BLACK JIM L'IMPITOYABLE NINJA

Titre: Sun Dragon
ou: Black Jim le Magnifique
ou Hard Way to Die
Réalisateur: Yat Wang Wa
Interprètes: Billy Chong Chun lai

 

Carl R. Scott
Hau Chiu Sing
Chung Tak Ma
Louis Neglia
Shao Sung Liang
 
Année: 1979
Genre: Kung Fu / Western
Pays: Hong Kong / USA
Editeur Bach Films
Violence: * *
Erotisme: *

75%

Résumé:

 

 

 

 

Critique:

De la production martiale pure et dure située dans un décor de Western. Evidemment cela ne change rien au scénario ultra simpliste mais ce cadre varie agréablement des champs asiatiques.

Tourné en Arizona, cette coproduction américano-chinoise utilise les clichés propres au western (aigle volant dans le ciel, cow-boy à cheval, saloon, etc.) même si le décor est réduit et les moyens minimalistes. Mais l'intention est bien là et la musique s'inspire largement des productions westerns classiques pour donner le change.


L'intrigue, elle, est simpliste. Un jeune Noir voit sa famille massacrée par des affreux, se fait blesser, s'enfuit et, après avoir été recueilli par un vieux Chinois sympathique, il s'initie au kung-fu pour se venger.


Pas de quoi crier au génie, mais une petite ligne narrative éprouvée qui permet une série de combats nerveux. Et on peut dire qu'à ce niveau les responsables n'ont pas lésinés sur les joutes martiales.

Le Black Carl R Scott et le Chinois Billy Chong enchaînent les combats avec une énergie qui fait plaisir à voir.

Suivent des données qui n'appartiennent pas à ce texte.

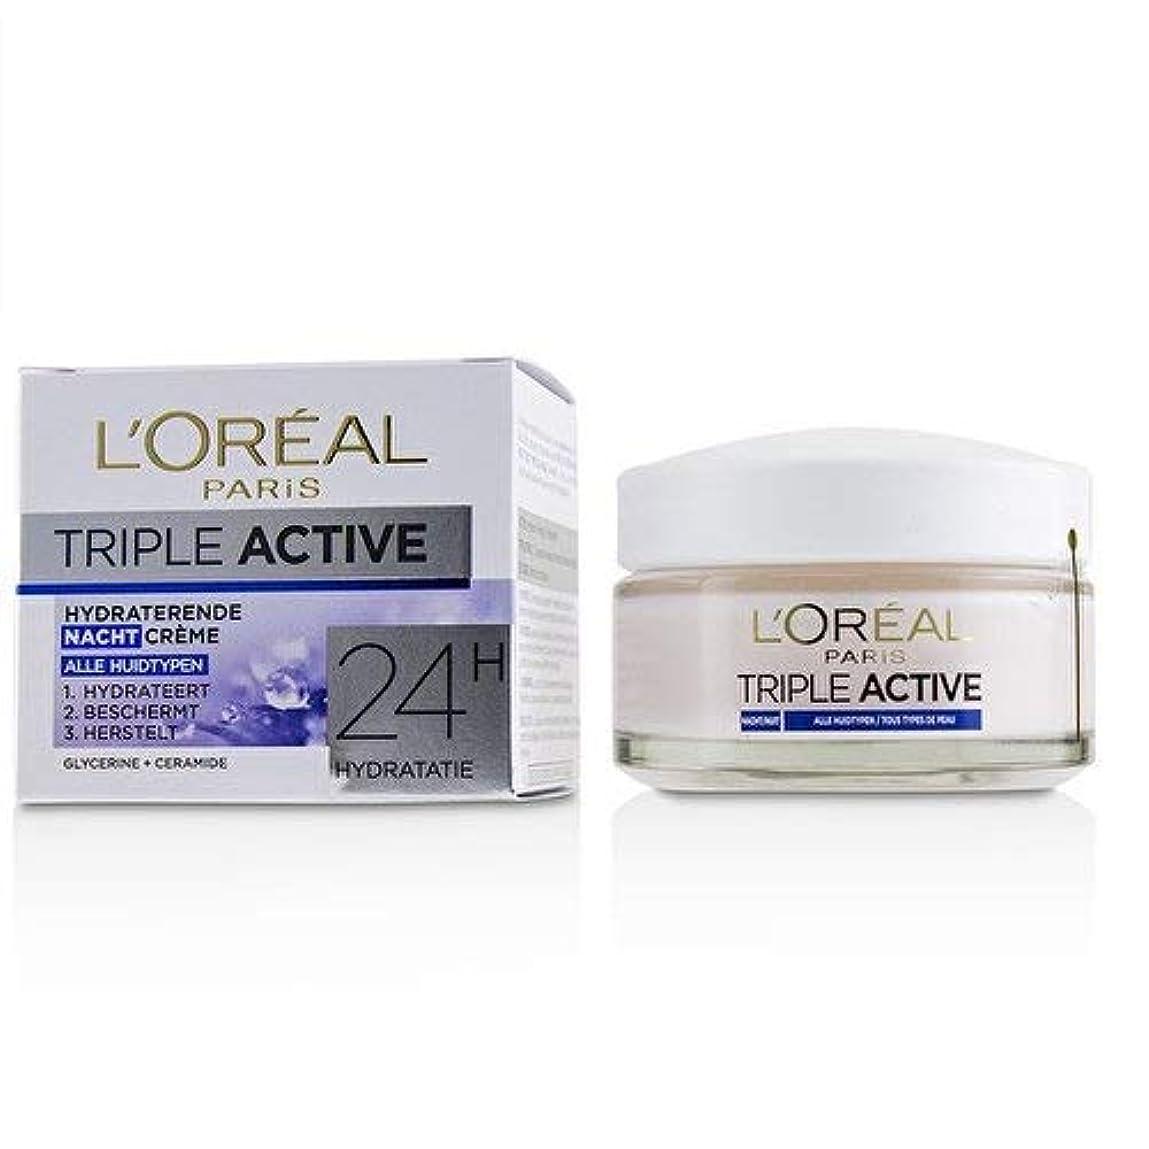 舗装ライオネルグリーンストリートファイバロレアル Triple Active Hydrating Night Cream 24H Hydration - For All Skin Types 50ml/1.7oz並行輸入品

Rapides, brutaux, efficaces, bien chorégraphiés, les duels constituent une véritable démonstration d'aptitudes physiques dans un style très old school, comprenez réaliste et dénué de câbles.

Un indien armé d'un tomahawk, des tueurs japonais, un gros méchant qui casse des blocs de glace à mains nues, des chinois, des ricains, tout le monde se tape dessus avec une fureur non feinte. Pour les amateurs du genre, Black Jim constitue à coup sur un maître achat, tant les bastons se succèdent sans laisser au spectateur le moindre répit. C'est bien simple, à la mi-film on peut carrément parler de non-stop. Une expression galvaudée mais ici parfaitement appropriée: cela n'arrête jamais plus de trente secondes en quarante minutes de métrage.

Le final enquille joyeusement les duels à poings nus et à coups de pieds dévastateurs jusqu'au combat entre les deux héros et le super méchant. Une fois celui-ci abattu (vous en doutiez?), le générique annonce un The End et c'est terminé.


Il ne faut pas en espérer le style des productions Chang Cheh, la qualité d'un King Hu ou la complexité d'un Chu Yuan. Non, ici, c'est du kung-fu basique et bourrin, avec des faux raccords et un montage quelconque mais, néanmoins, une réalisation très efficace dès qu'il s'agit de filmer des combats. Et comme ceux-ci sont excellents, pas de raison de se priver.

Un titre qui occupe sans hésiter le peloton de tête parmi ceux sorti dans la collection Kung fu de Bach Films.